_ASSIGNMENT_
An exact repetition of the data below, without images, is the expected answer.
------ DATA SHOWN
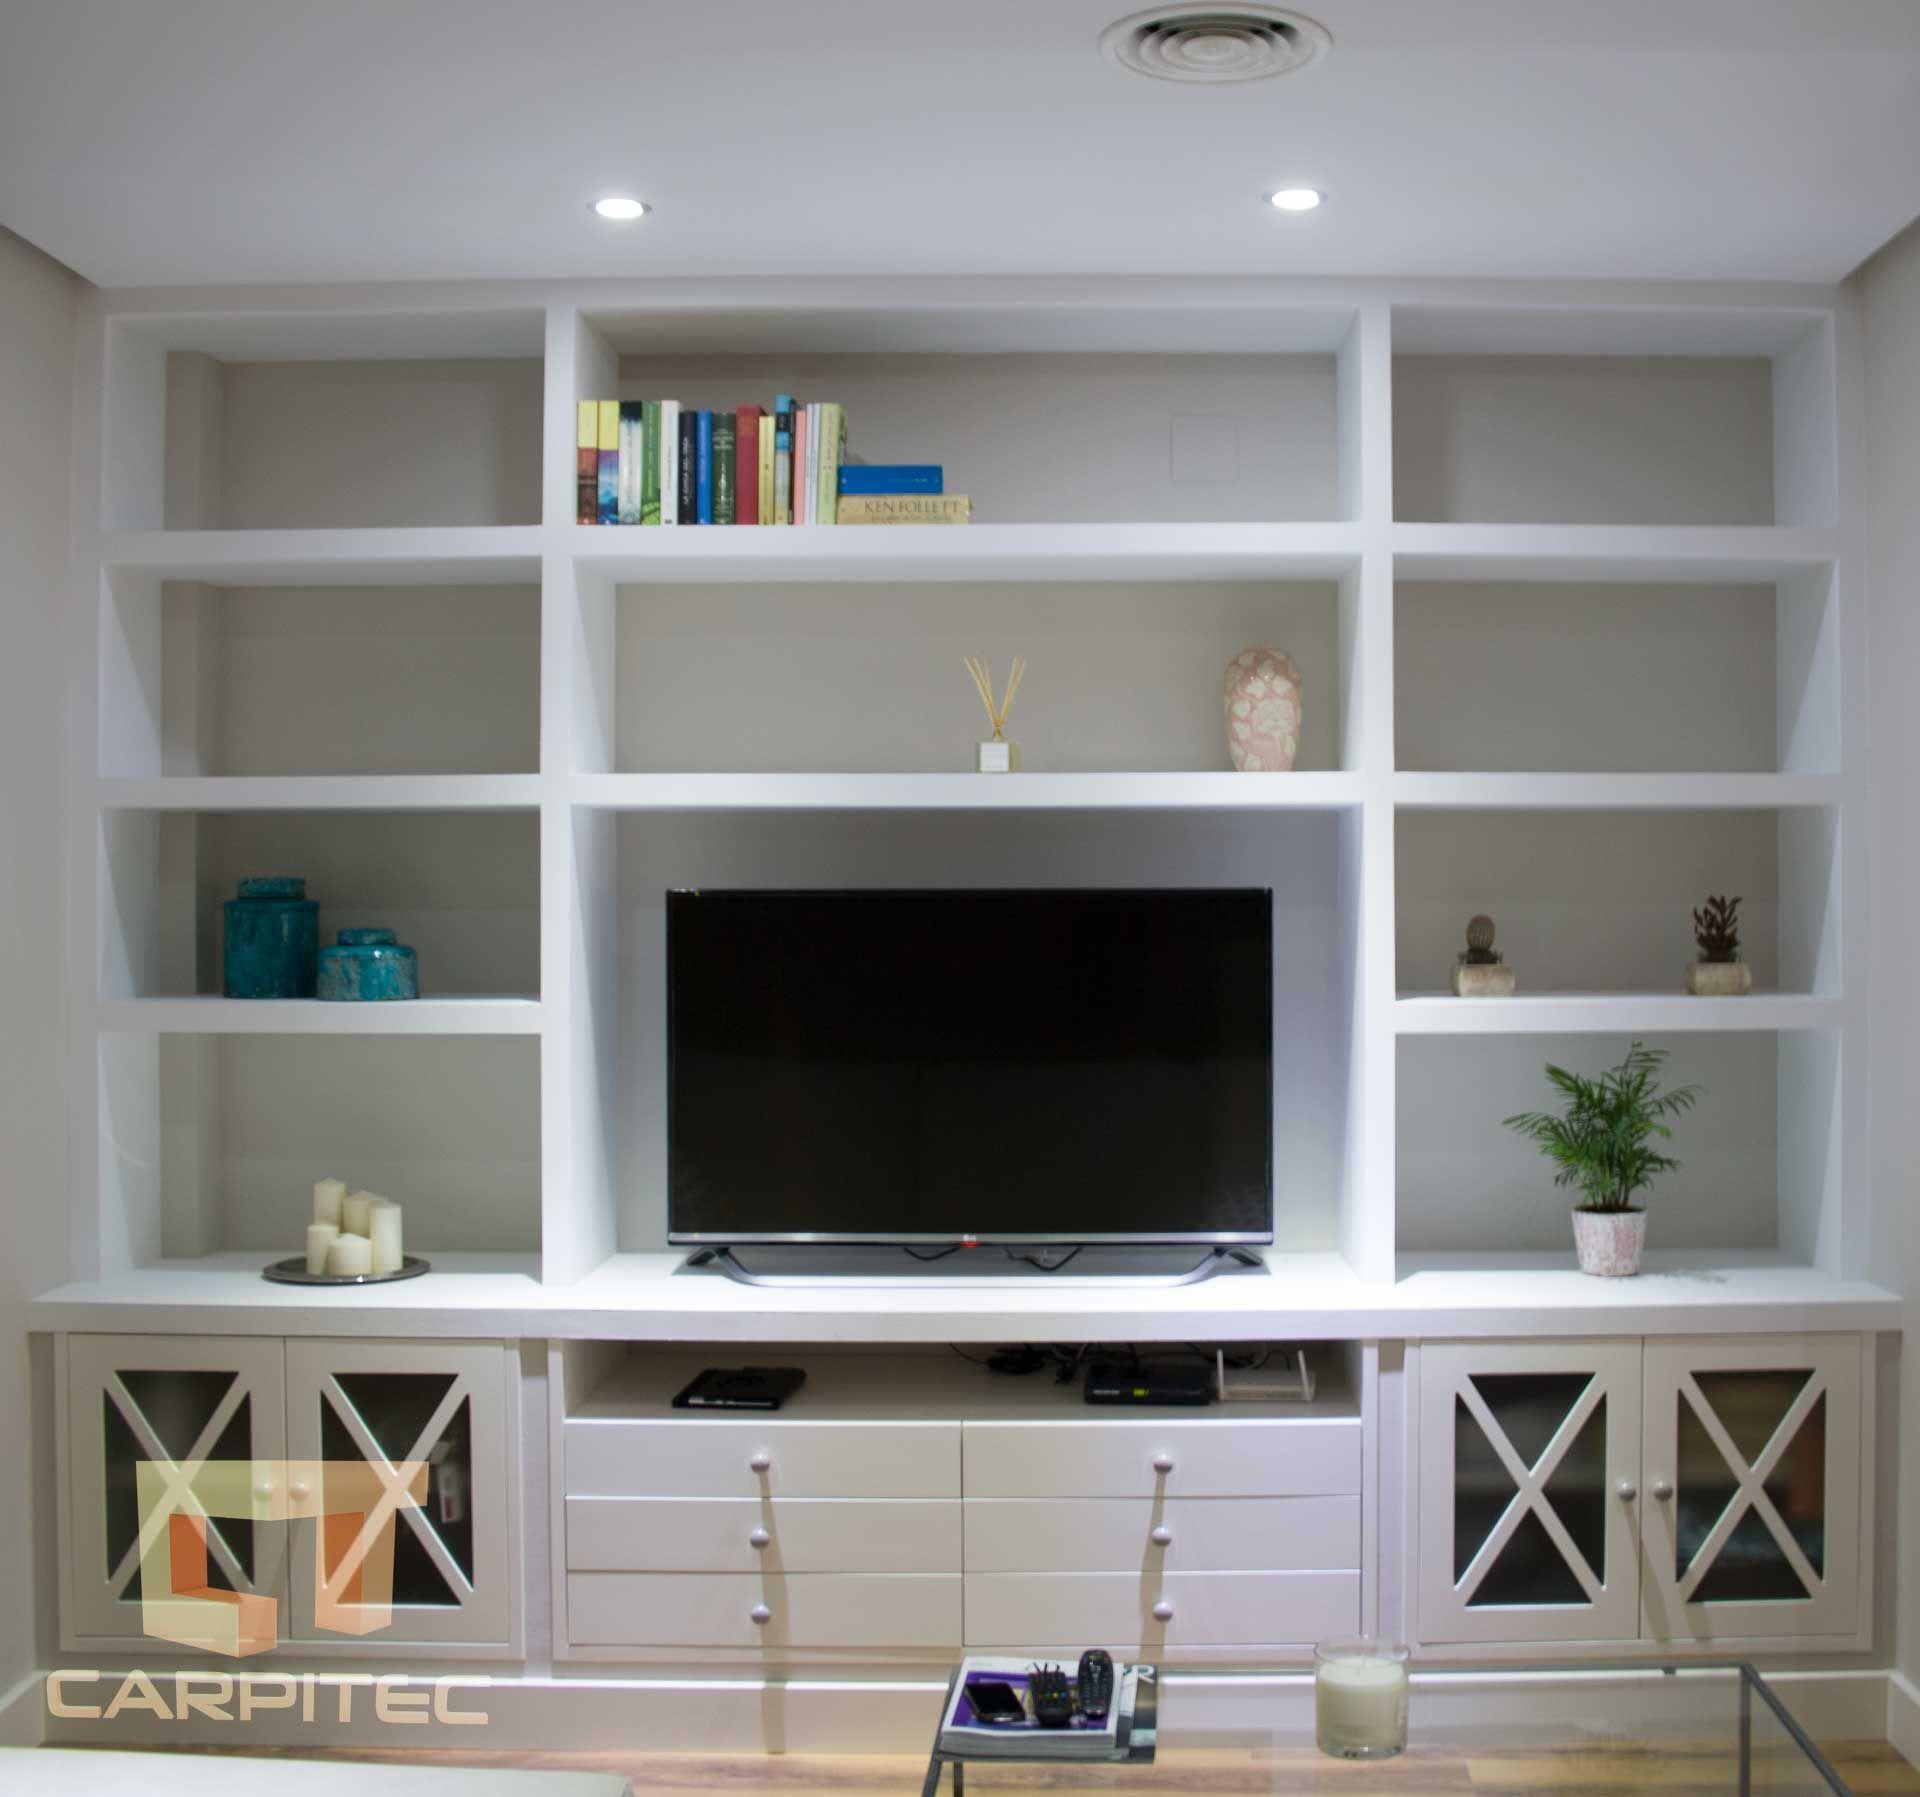 mueble estantera para saln en pladur y madera lacada en blanco
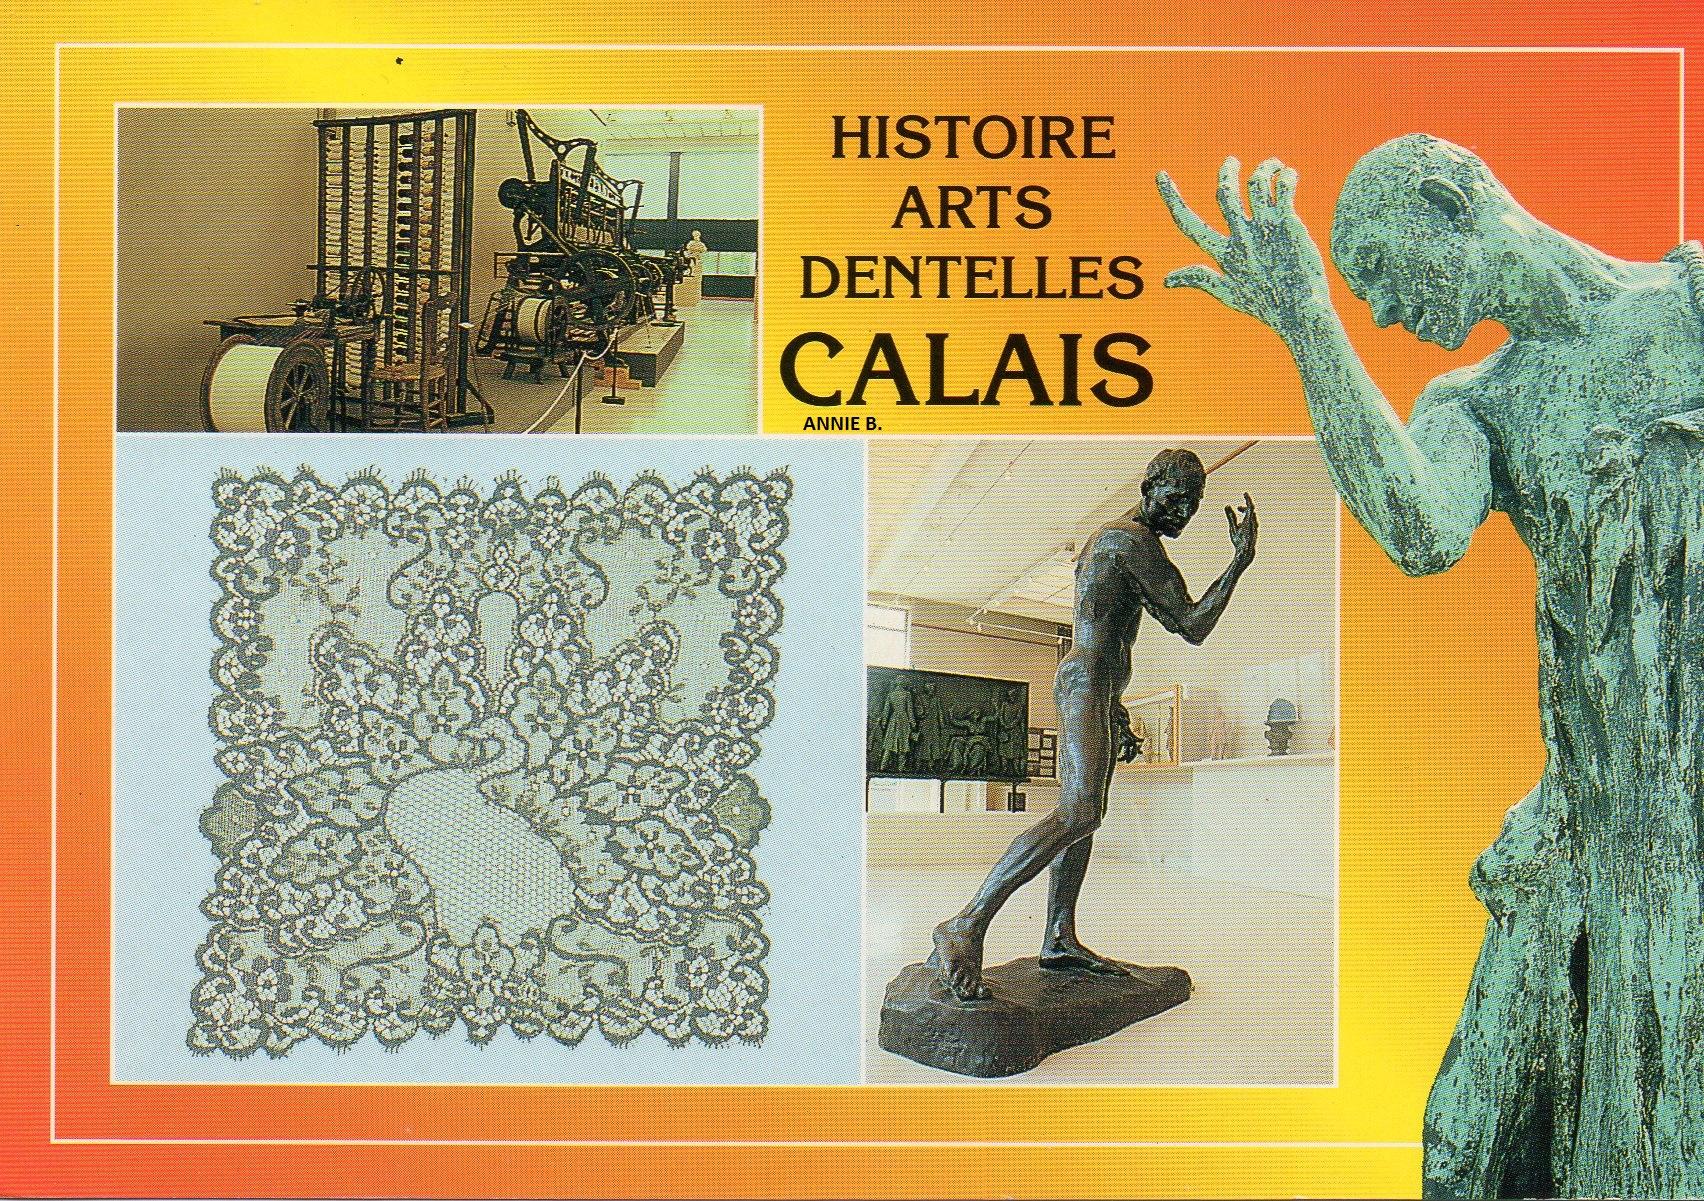 Calais Dentelle
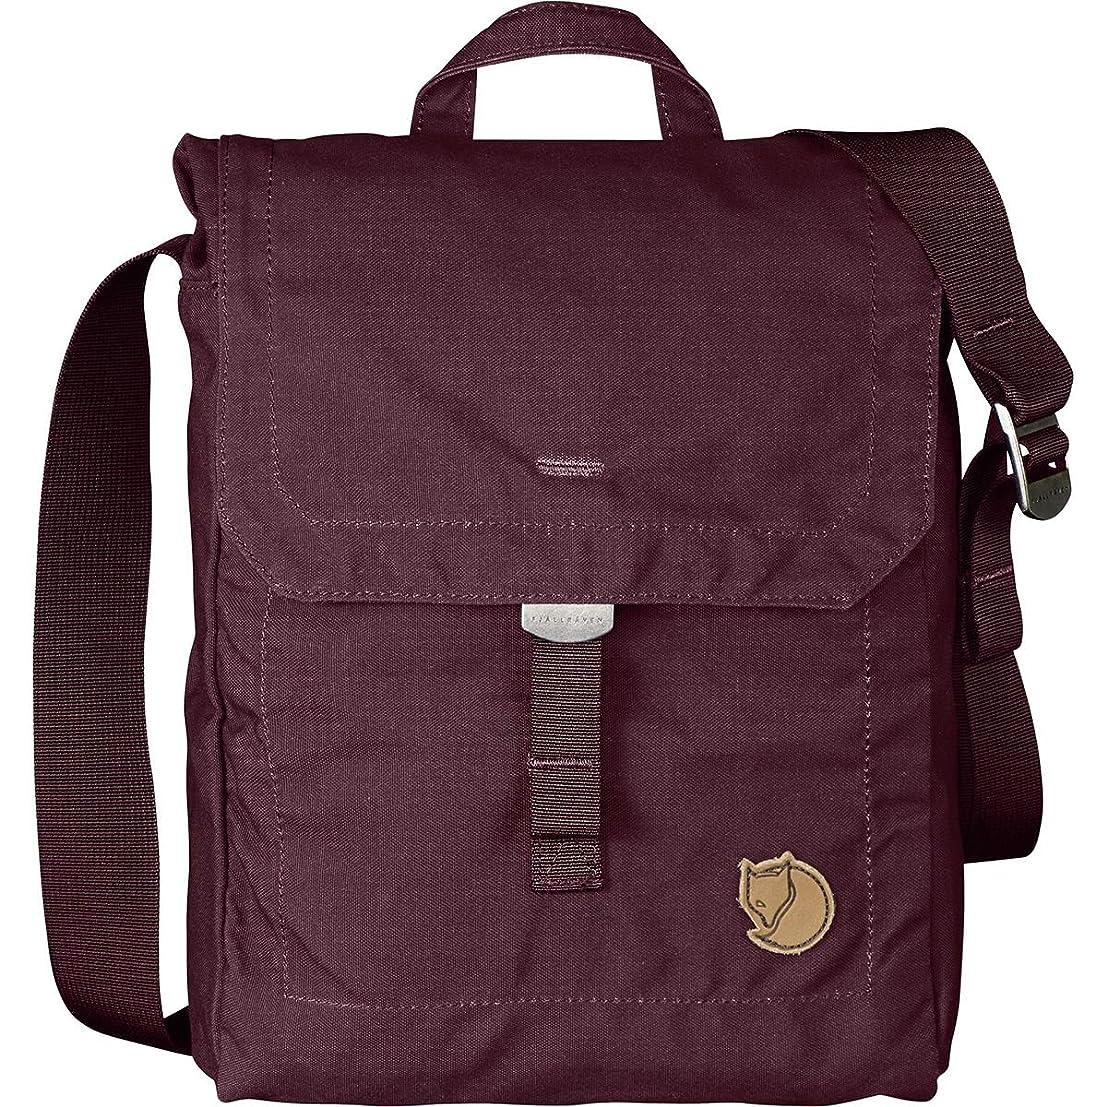 コメンテーター決定伴う[フェールラーベン] レディース ハンドバッグ Foldsack No.3 Shoulder Bag - Women's [並行輸入品]
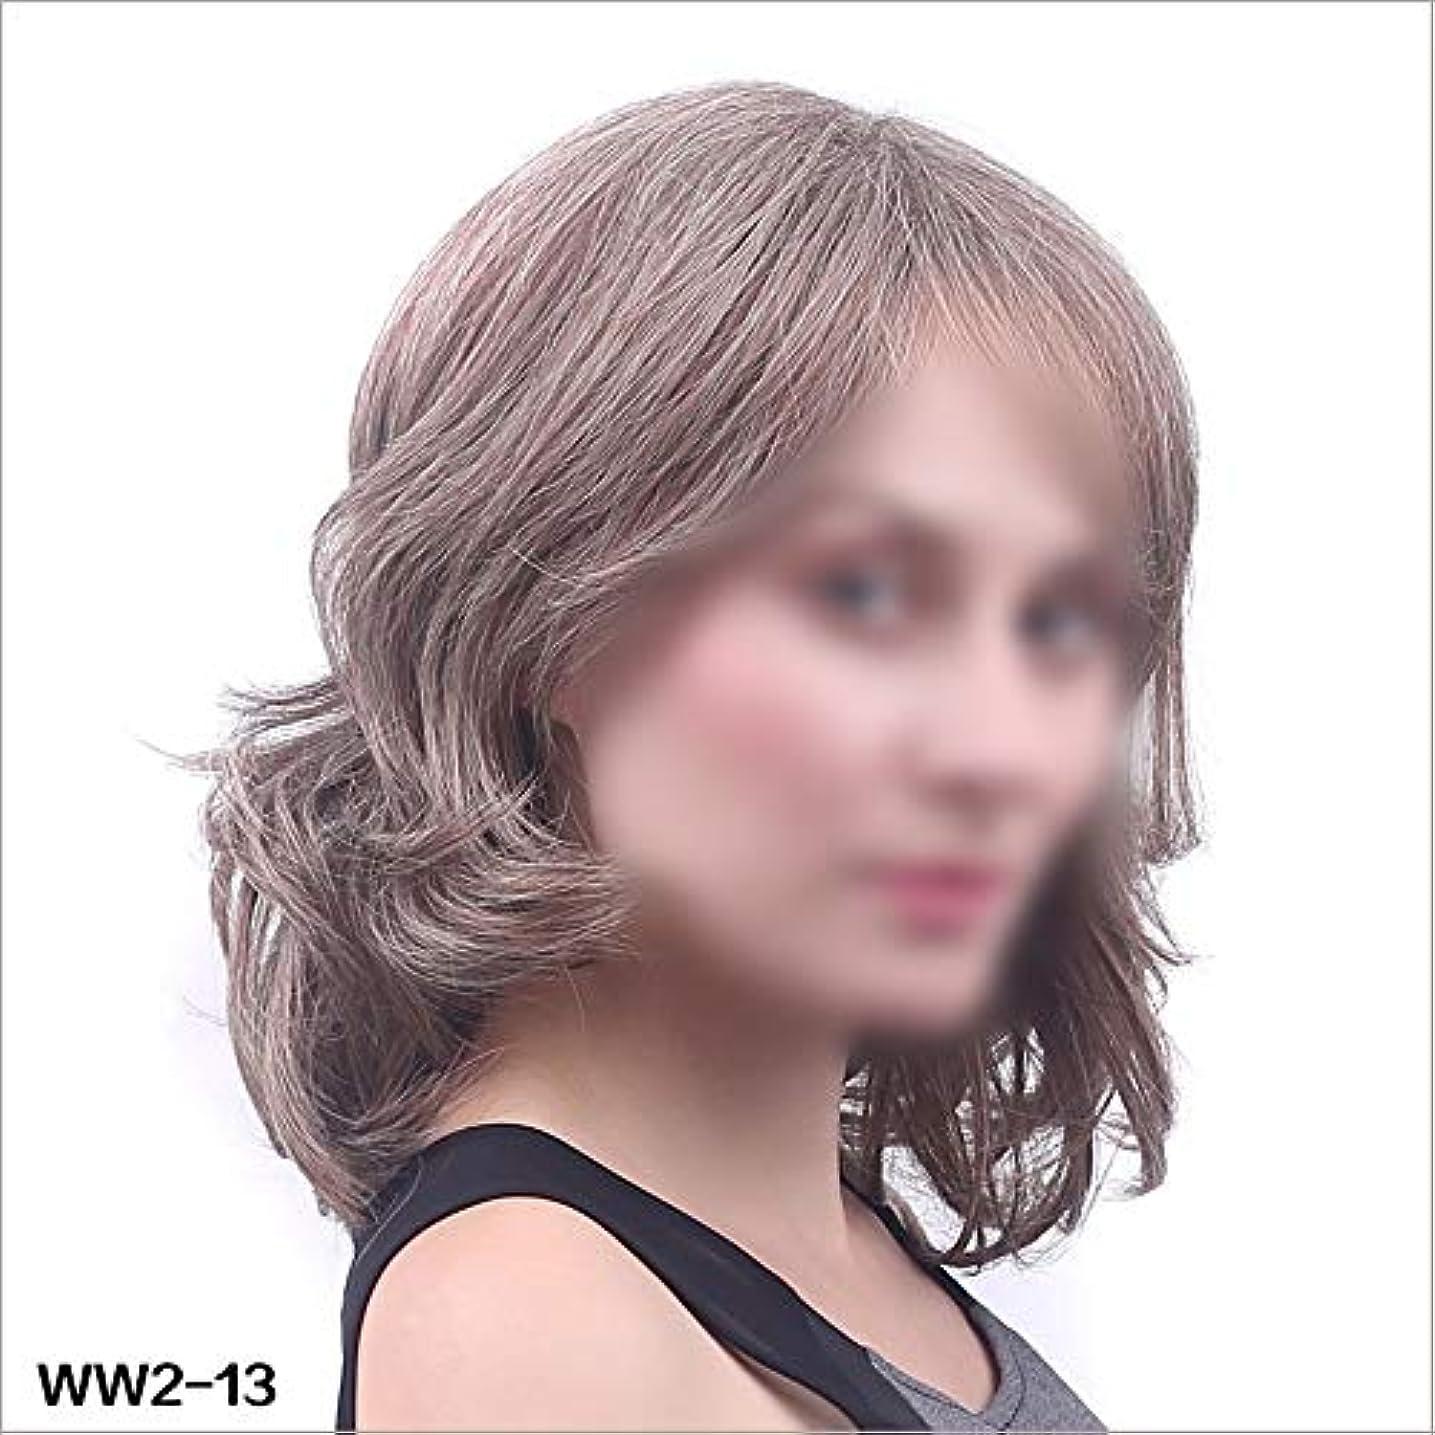 みなす役員矛盾WASAIO スタイルの交換のための新しい人気の女性の短いかつらアクセサリー完全なウェーブのかかった巻き毛グレーレディース (色 : Photo color, サイズ : 45cm)
------------
_EXERCISE RESULT_
 mueble estantera para saln en pladur y madera lacada en blanco
 Calais Dentelle
 コメンテーター決定伴う[フェールラーベン] レディース ハンドバッグ Foldsack No.3 Shoulder Bag - Women's [並行輸入品]
 みなす役員矛盾WASAIO スタイルの交換のための新しい人気の女性の短いかつらアクセサリー完全なウェーブのかかった巻き毛グレーレディース (色 : Photo color, サイズ : 45cm)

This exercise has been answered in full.